- **WORK ORDER**: Below, locate the line that contains "Juri, Street Fighter vs. Mortal Kombat Wiki". Repeat exactly from that line to the line that contains "Taipei Lantern Festival: Im", inclusive, leaving out the pictures.

- **SUPPLIED RECORDS**:
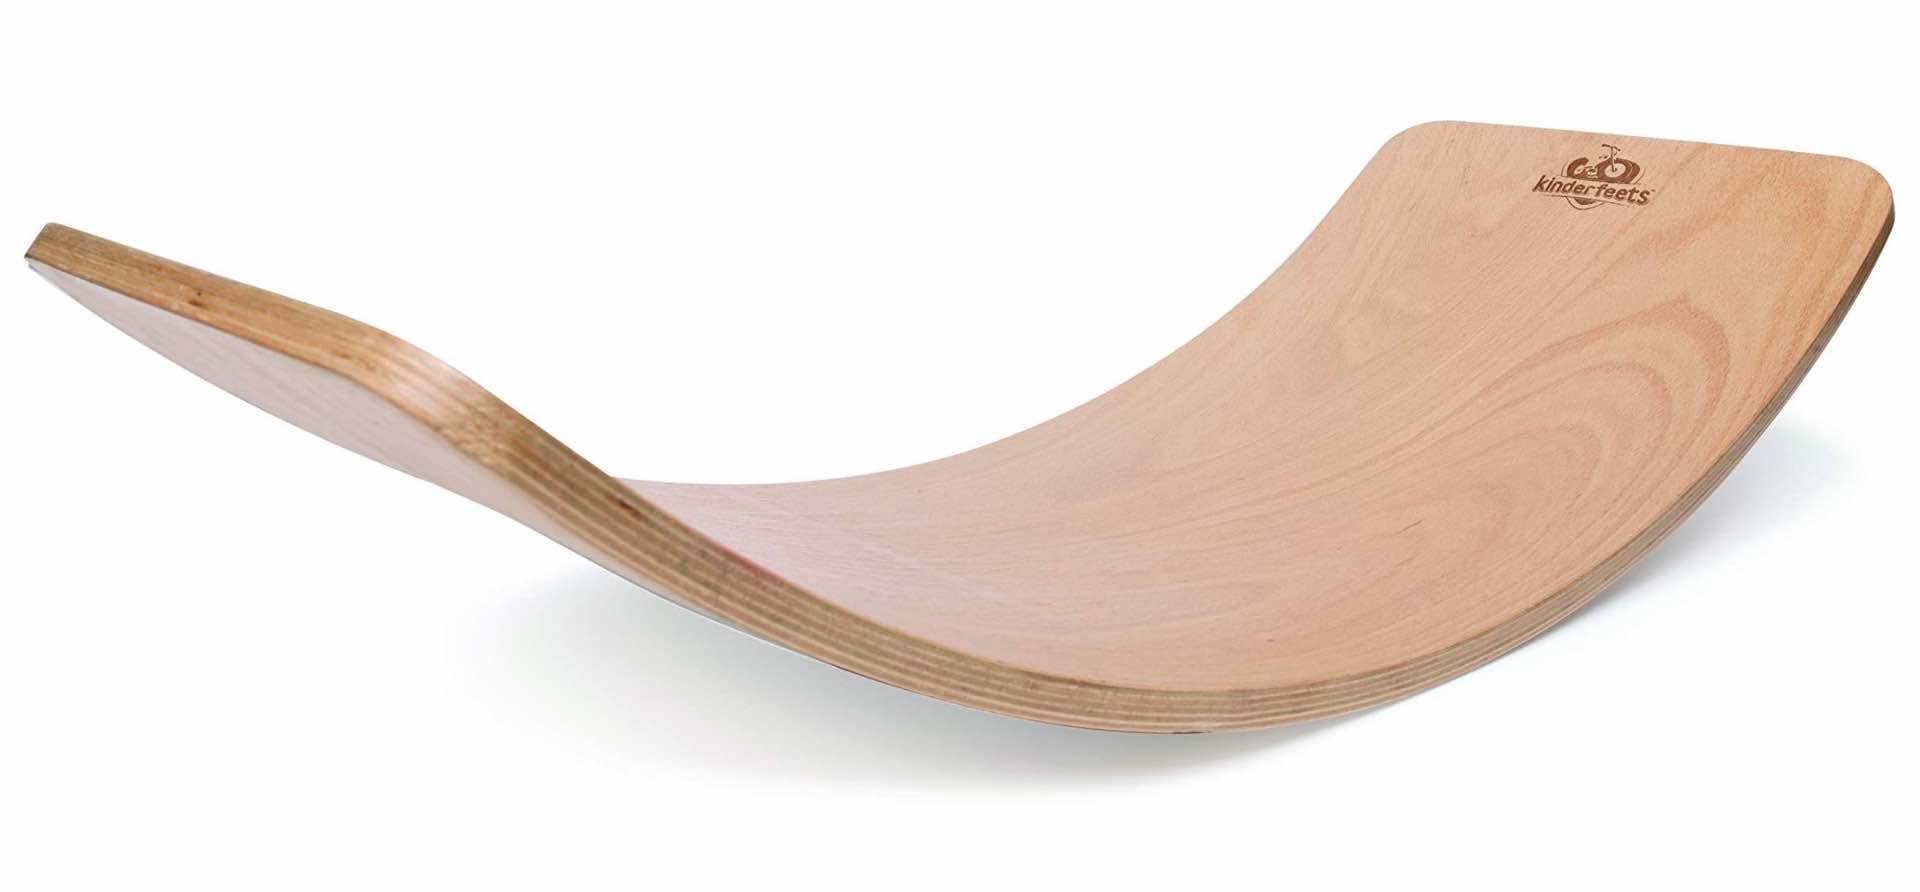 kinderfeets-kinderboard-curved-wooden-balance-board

---

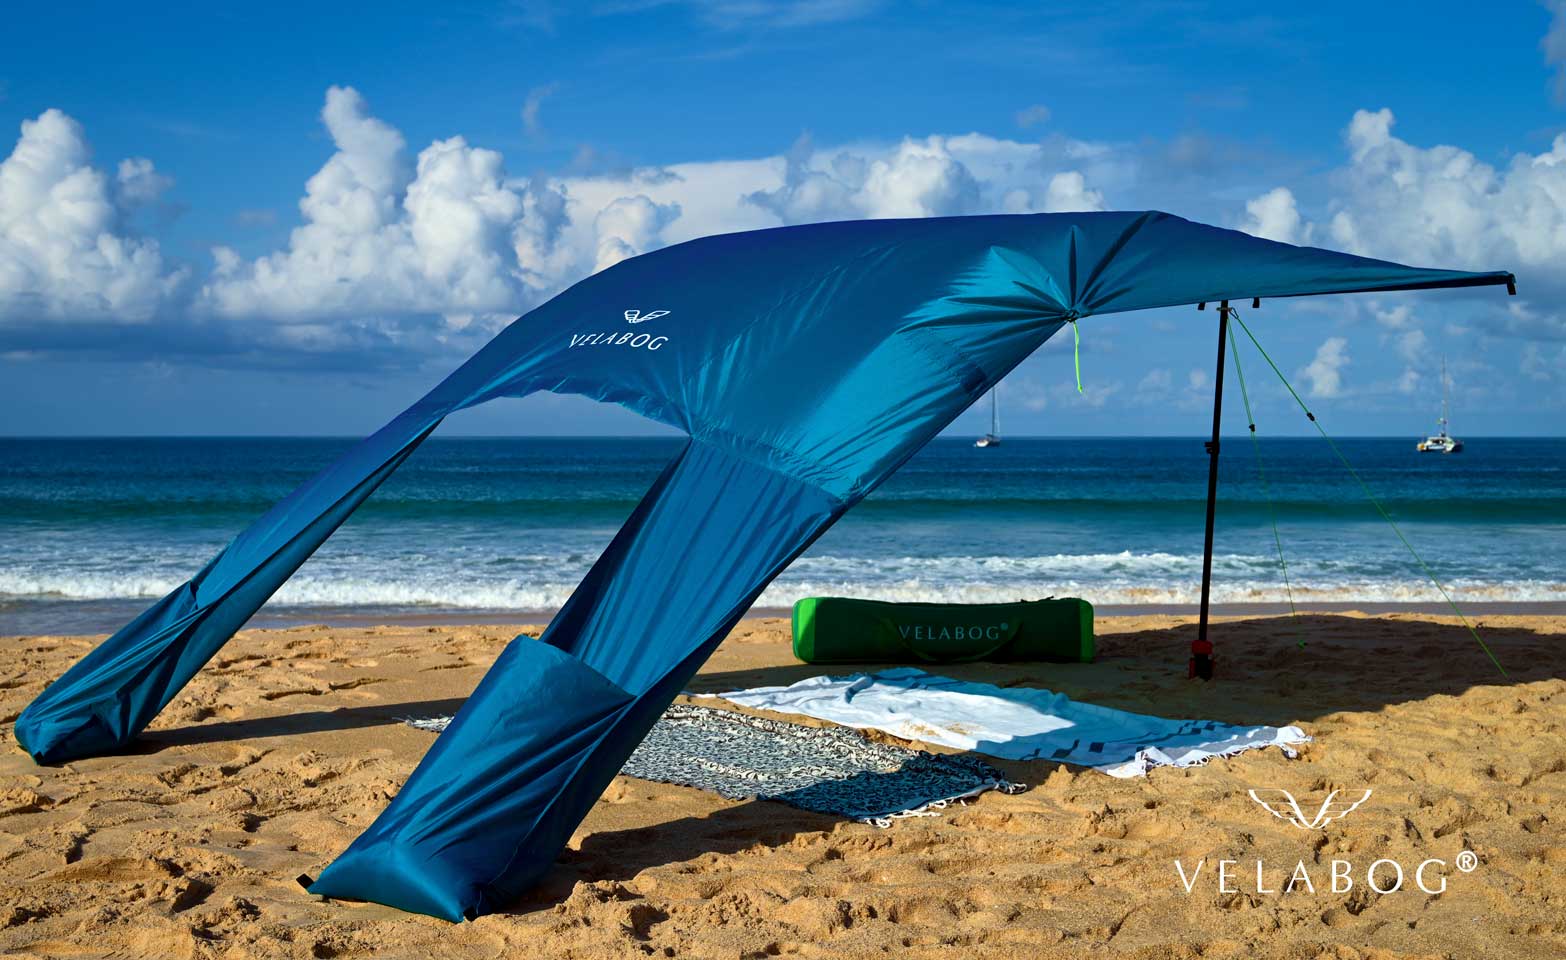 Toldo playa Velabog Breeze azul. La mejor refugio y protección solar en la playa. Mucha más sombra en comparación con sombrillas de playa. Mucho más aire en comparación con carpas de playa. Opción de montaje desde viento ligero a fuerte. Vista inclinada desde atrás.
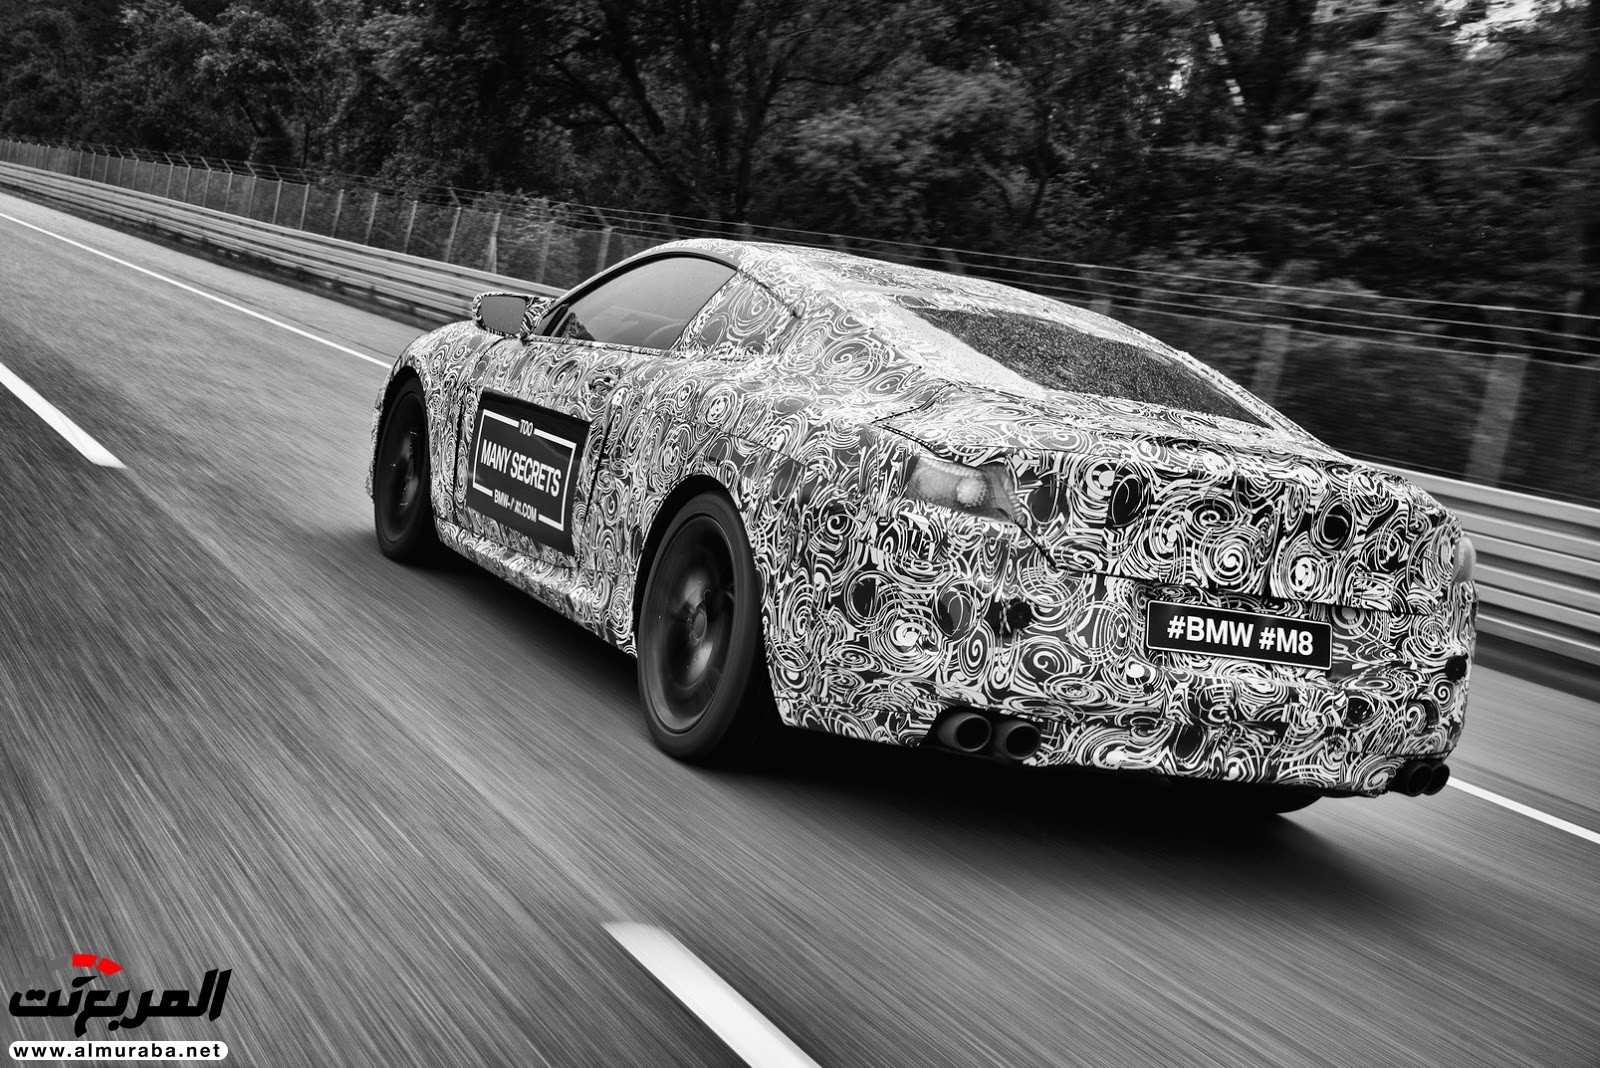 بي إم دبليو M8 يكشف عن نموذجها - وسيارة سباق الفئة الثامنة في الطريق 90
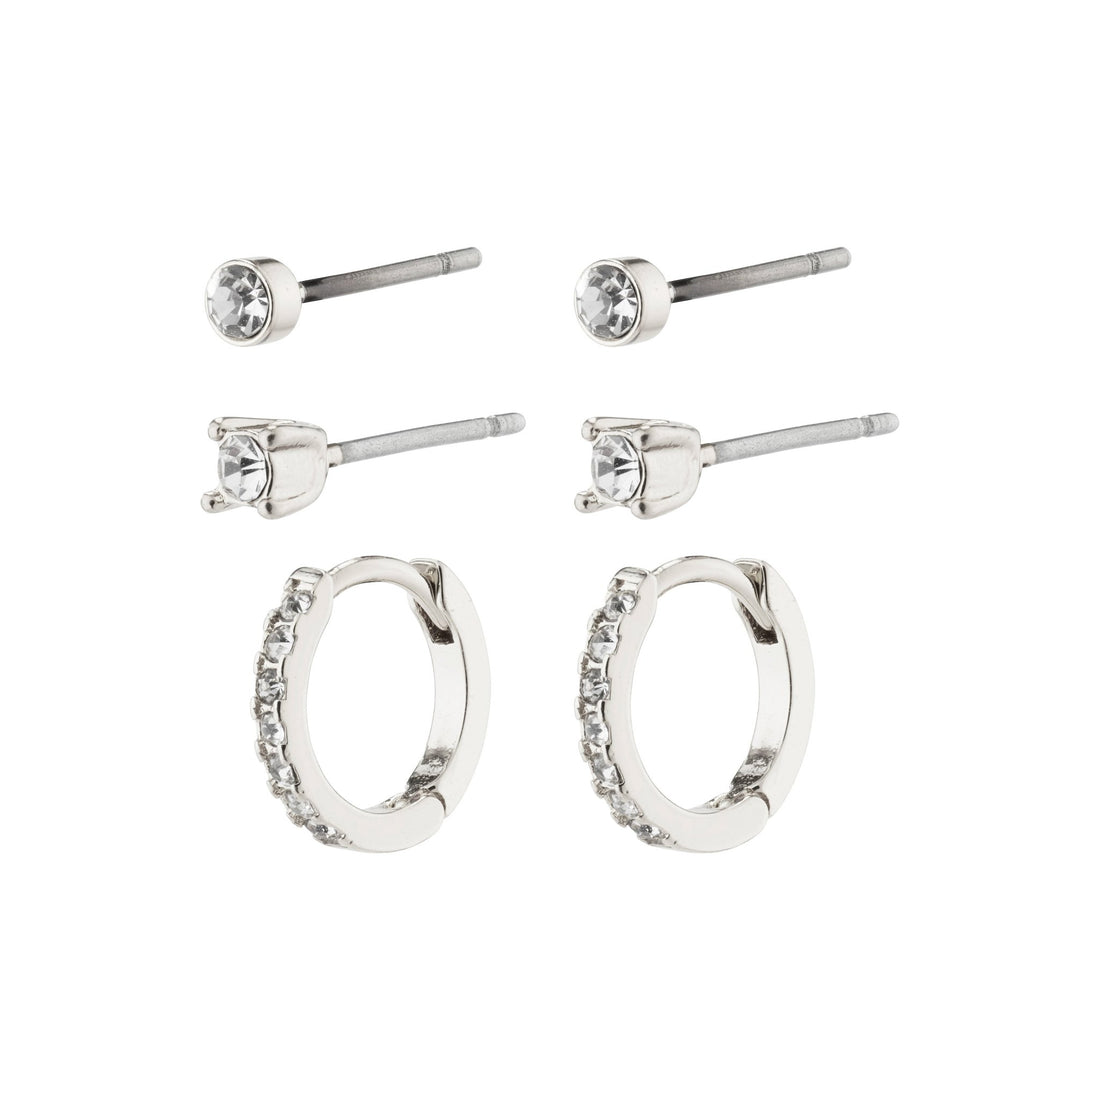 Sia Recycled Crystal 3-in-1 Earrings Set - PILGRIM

---

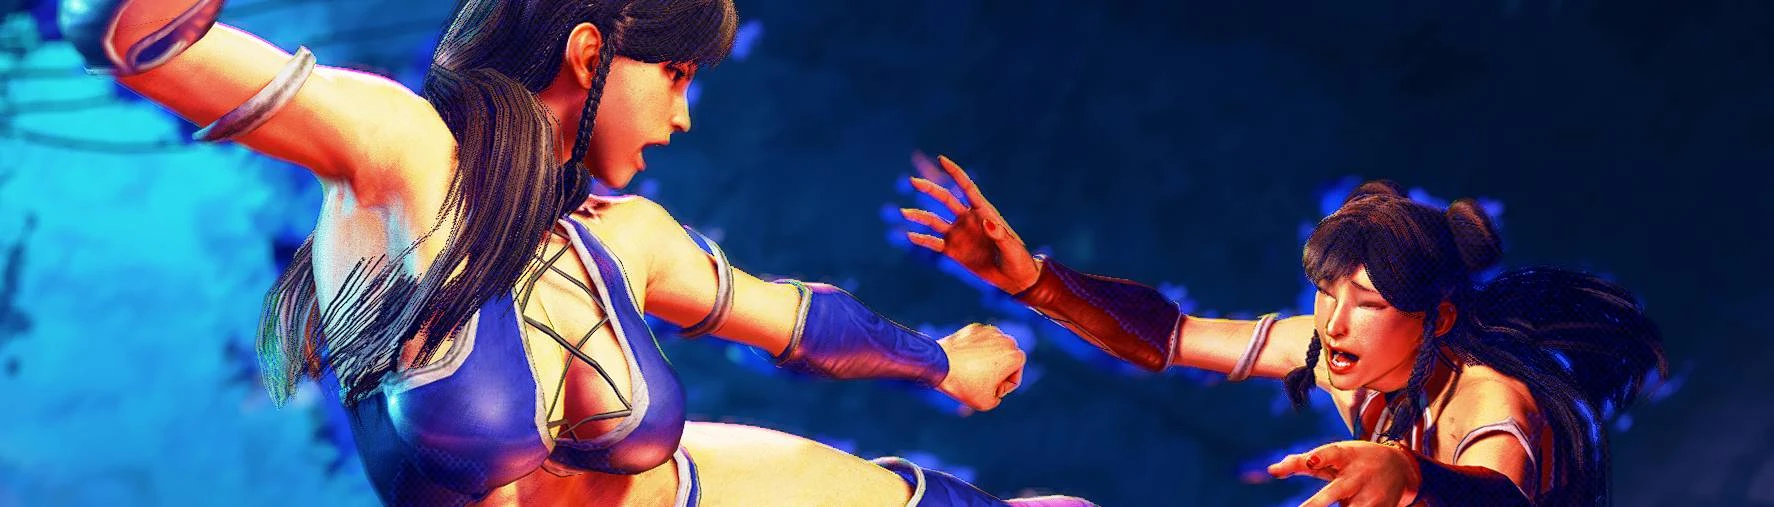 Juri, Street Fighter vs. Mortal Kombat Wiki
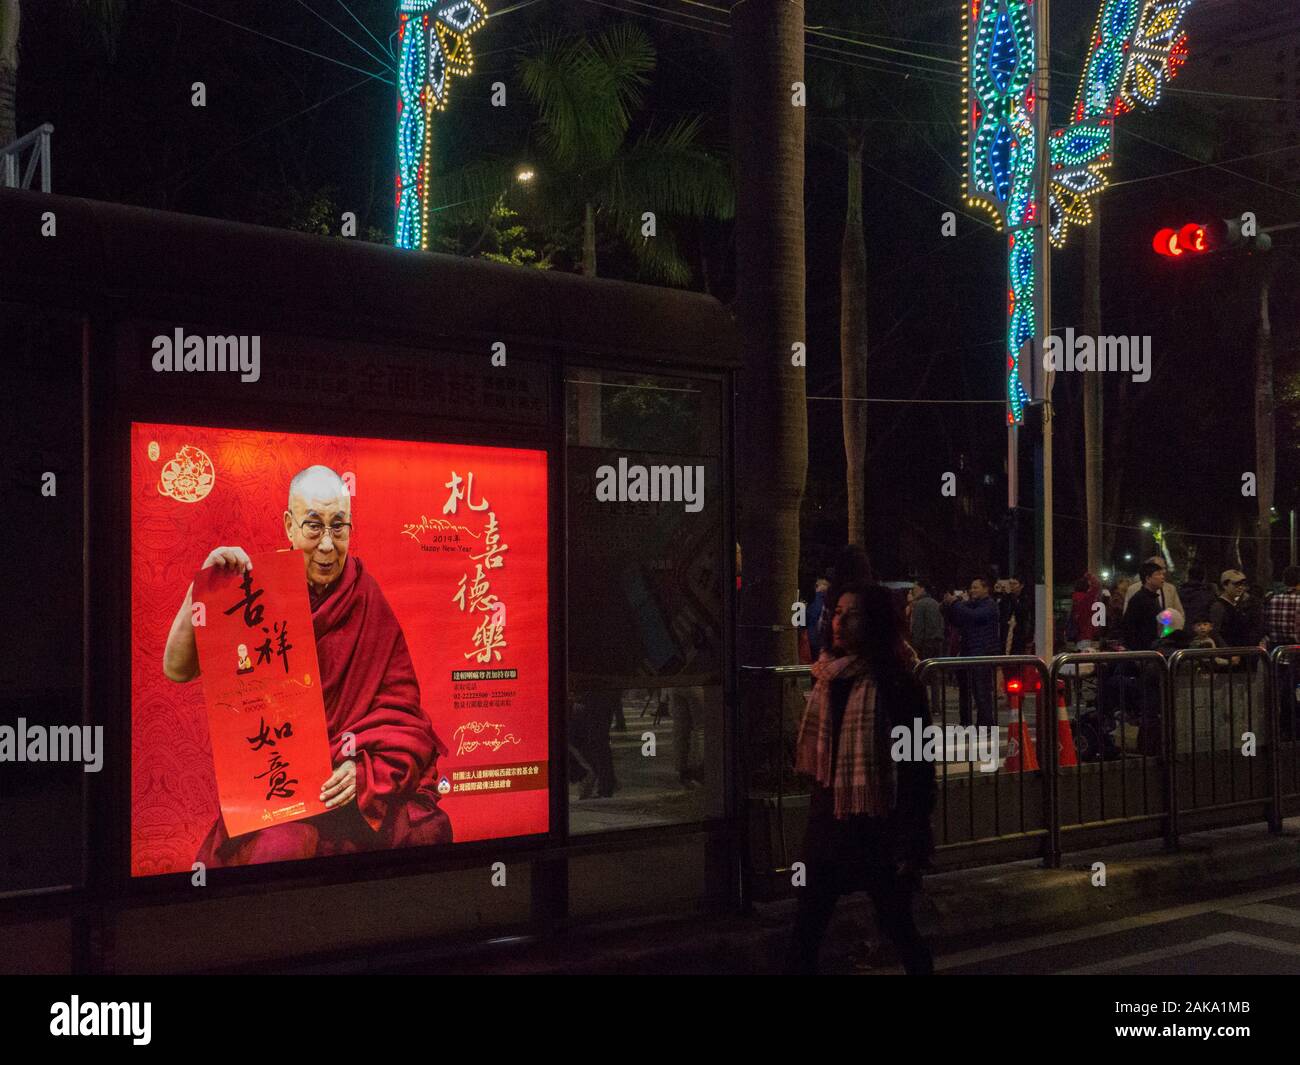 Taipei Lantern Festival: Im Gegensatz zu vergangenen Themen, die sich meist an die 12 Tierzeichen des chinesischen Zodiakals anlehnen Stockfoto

- **EXPECTED OUTPUT**:
 Juri, Street Fighter vs. Mortal Kombat Wiki
 Taipei Lantern Festival: Im Gegensatz zu vergangenen Themen, die sich meist an die 12 Tierzeichen des chinesischen Zodiakals anlehnen Stockfoto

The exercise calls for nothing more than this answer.